**Your goal:** Reproduce the lines of the material exactly, excluding every image.

**Dataset section:**
-------------------------

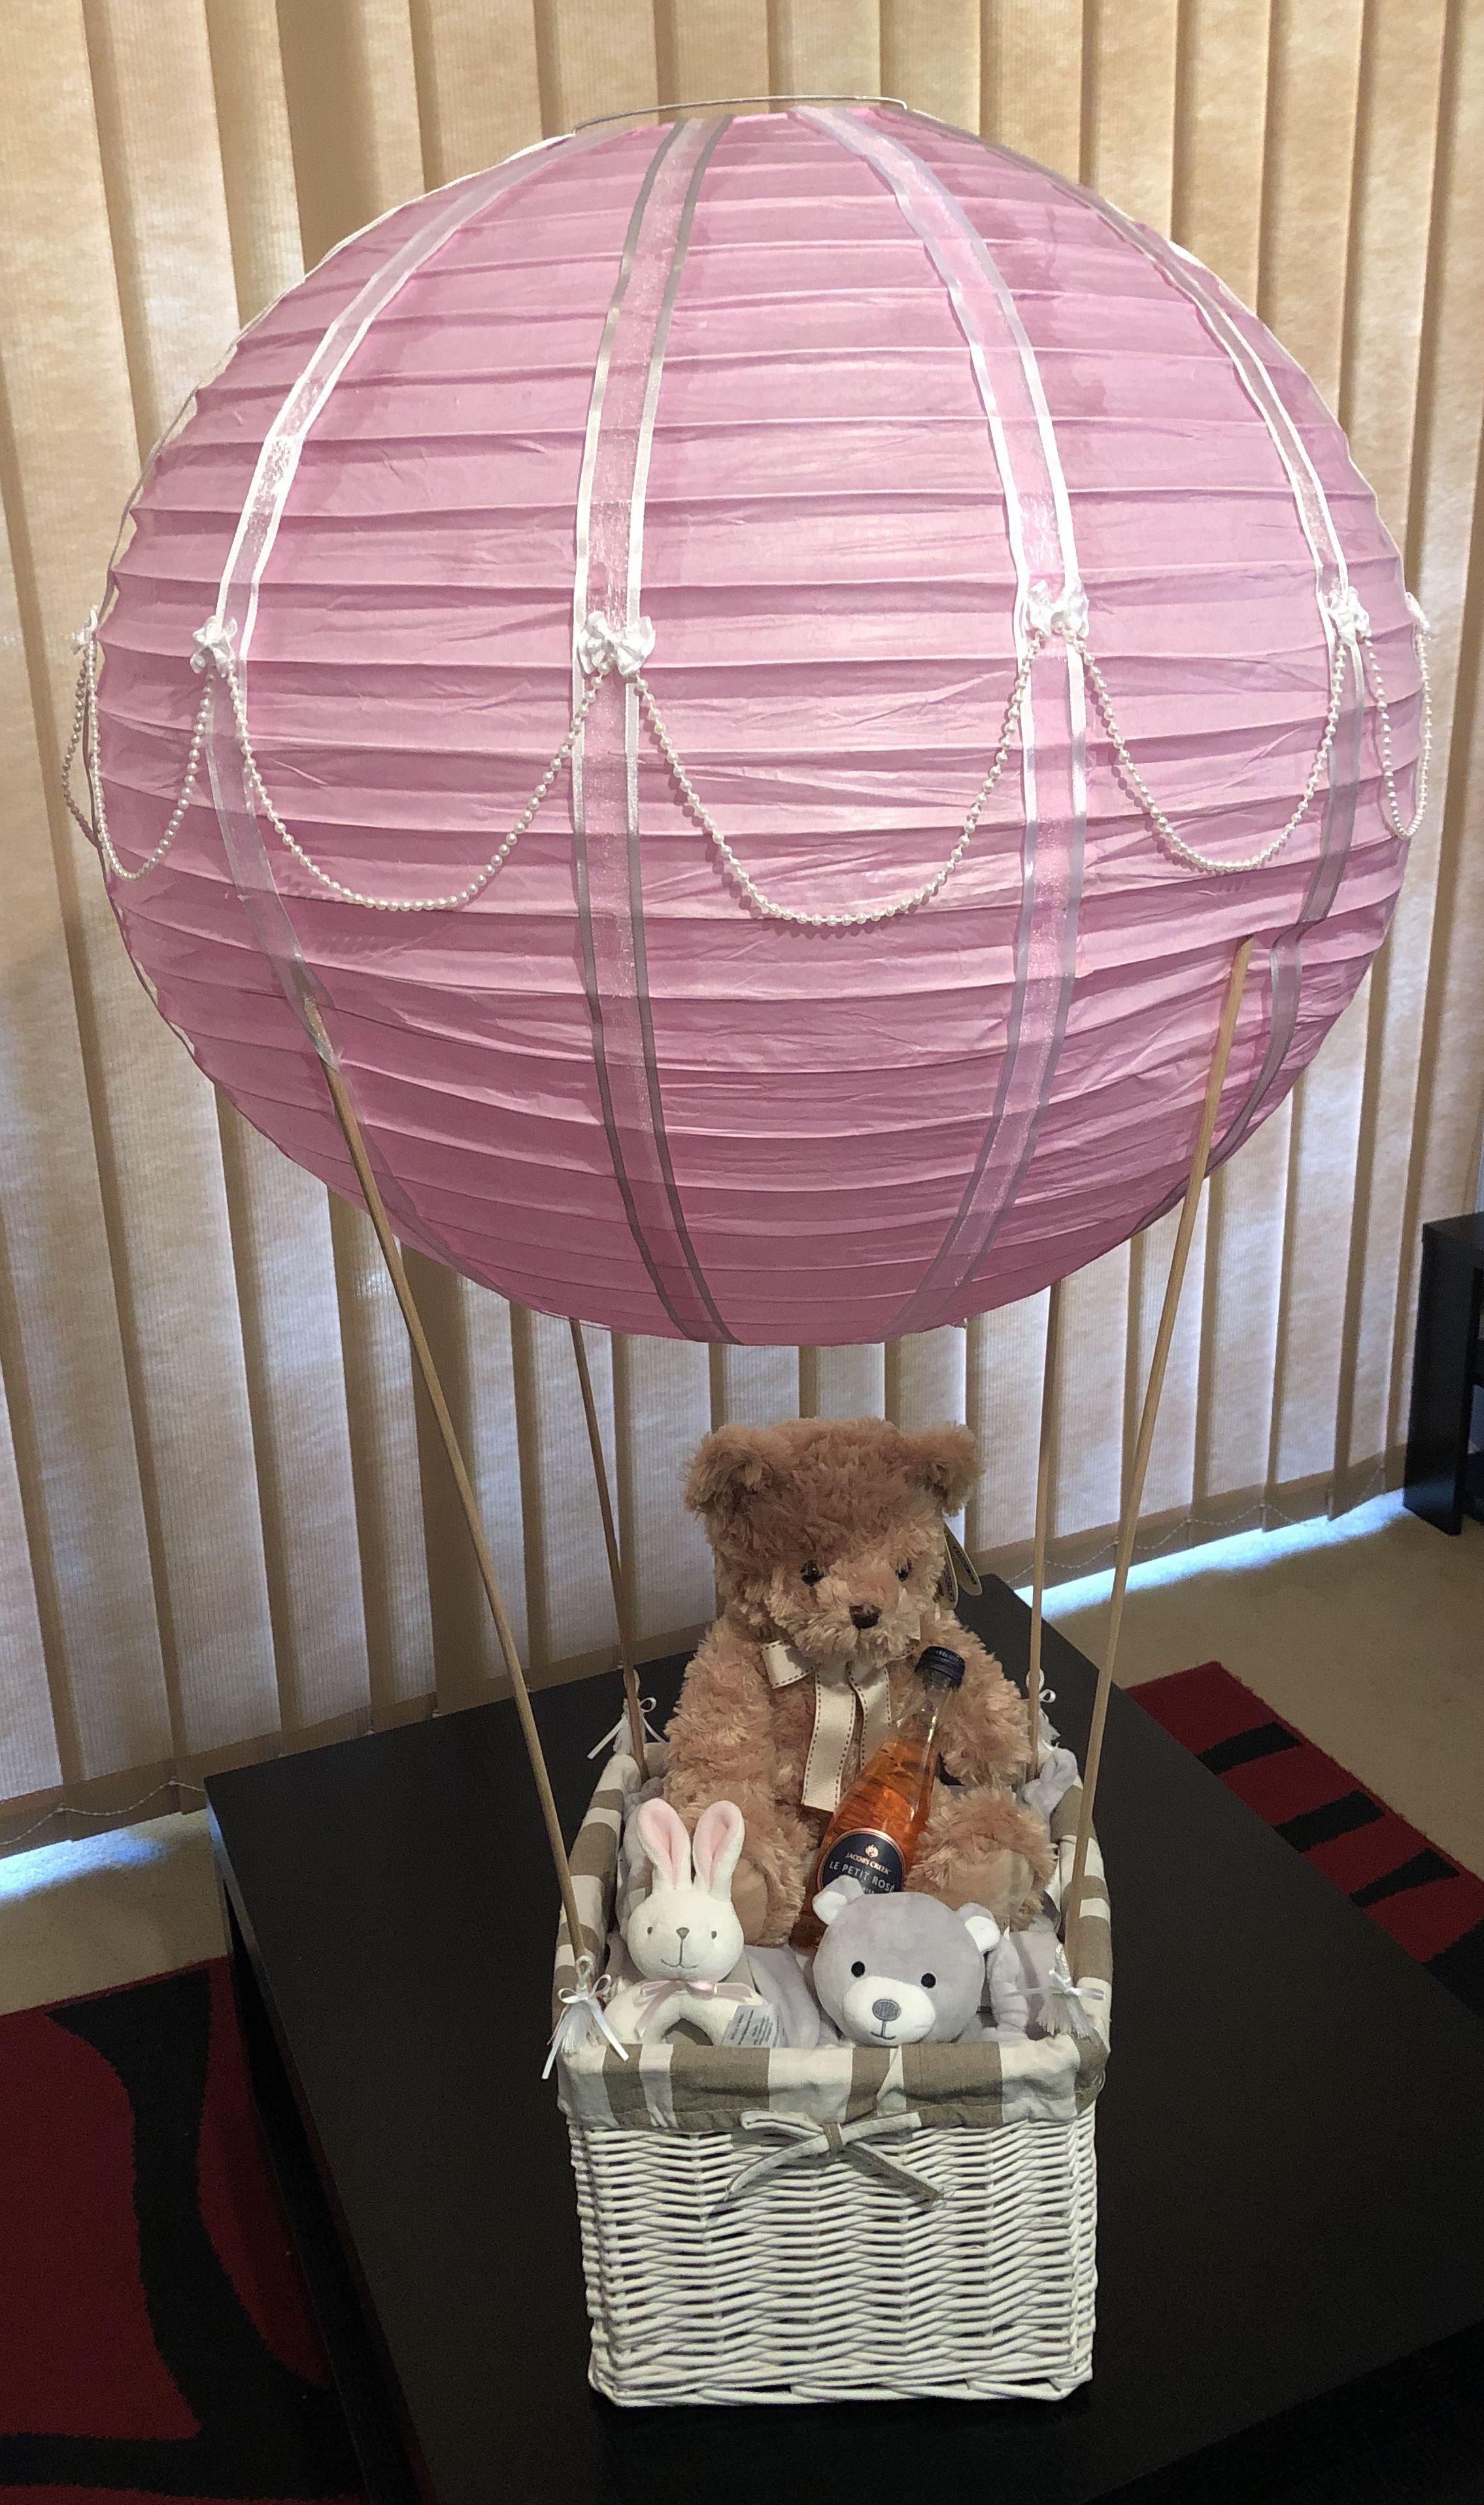 Hot Air Balloon Gift Basket : balloon, basket, Balloon, Basket, Shower,, Gift,
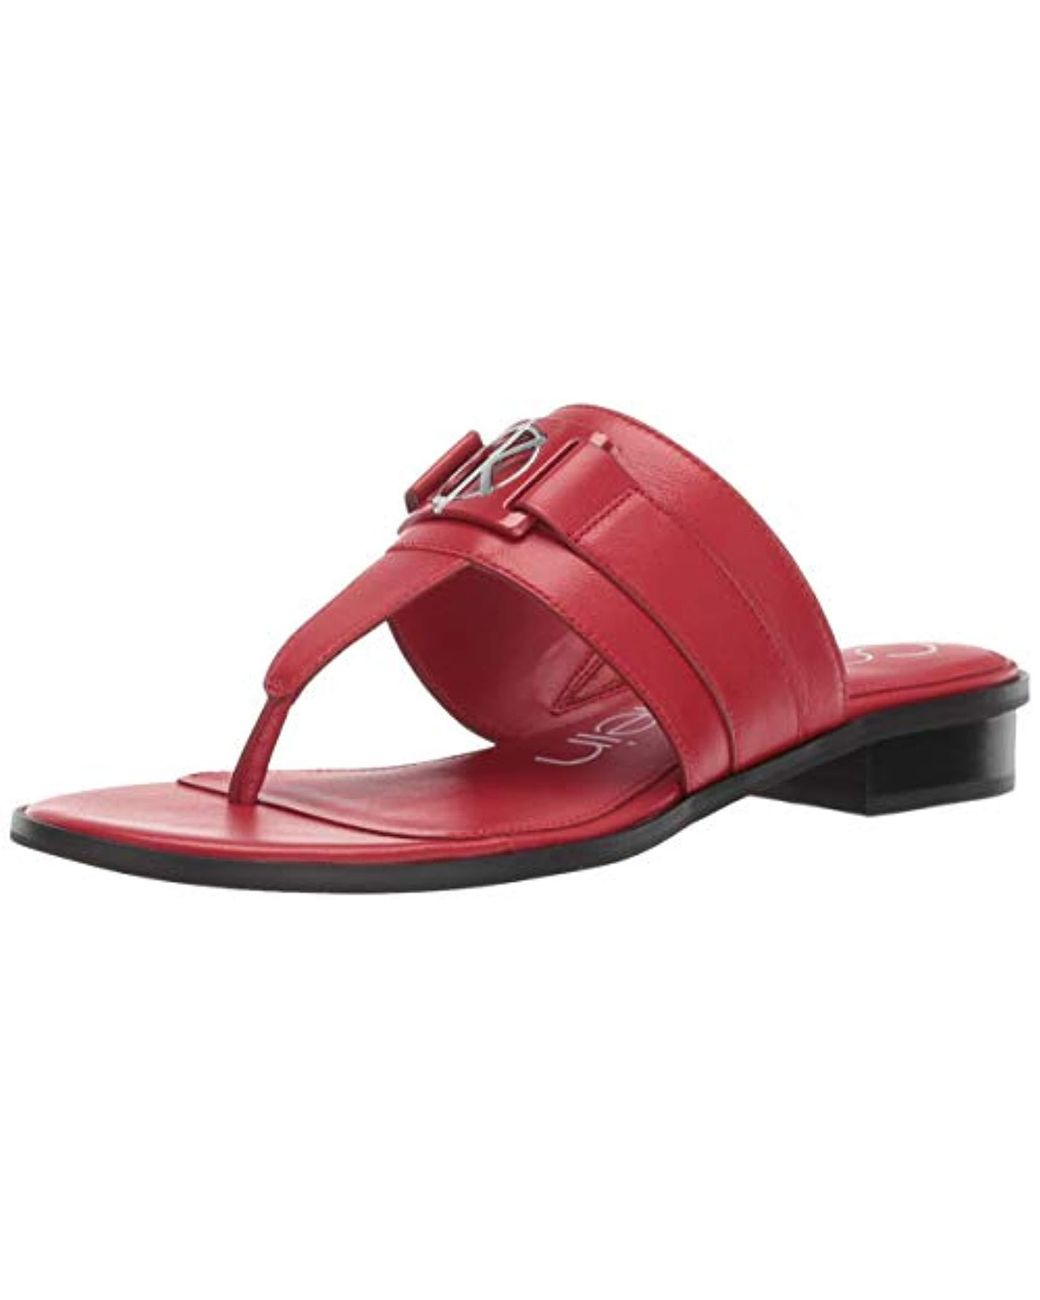 175e4f3e8fda Lyst - Calvin Klein Farley Flat Sandal in Red
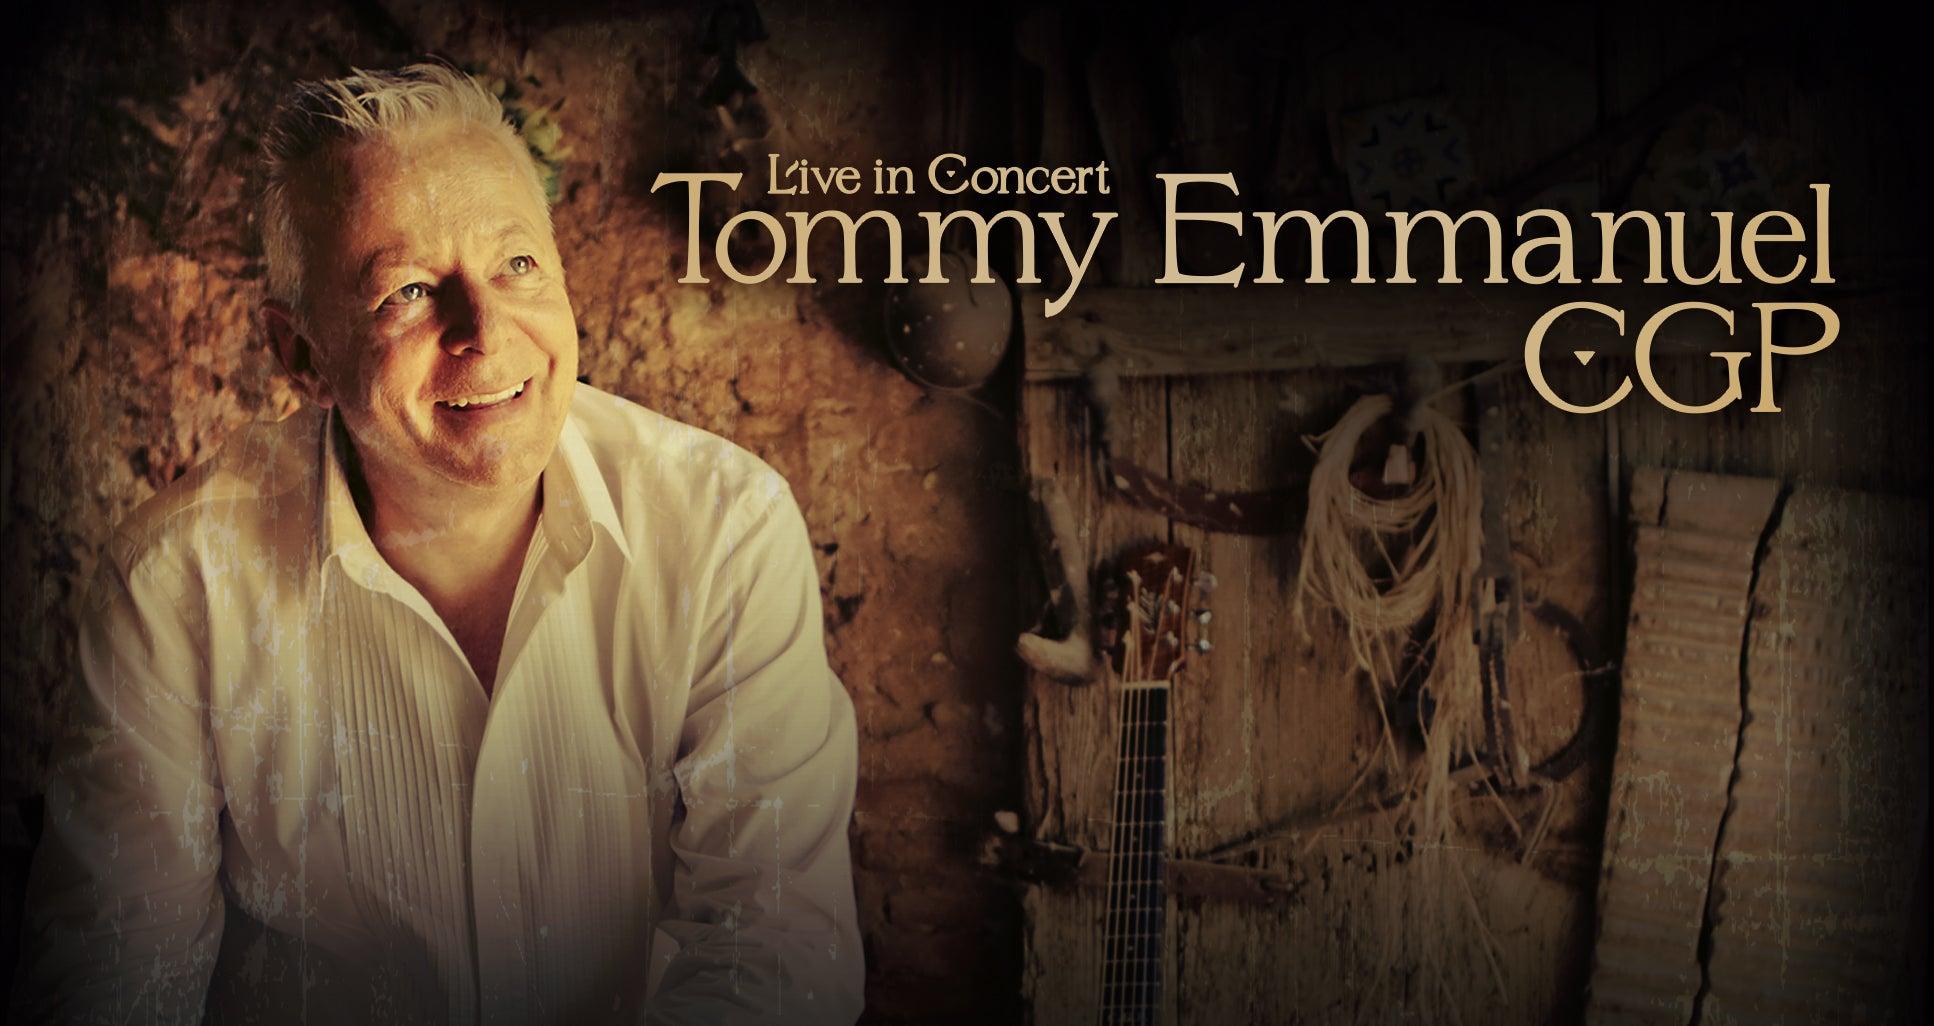 Tommy Emmanuel, CGP

-------------------------

**Result of this task:**
 Hot Air Balloon Gift Basket : balloon, basket, Balloon, Basket, Shower,, Gift,
 175e4f3e8fda Lyst - Calvin Klein Farley Flat Sandal in Red
 Tommy Emmanuel, CGP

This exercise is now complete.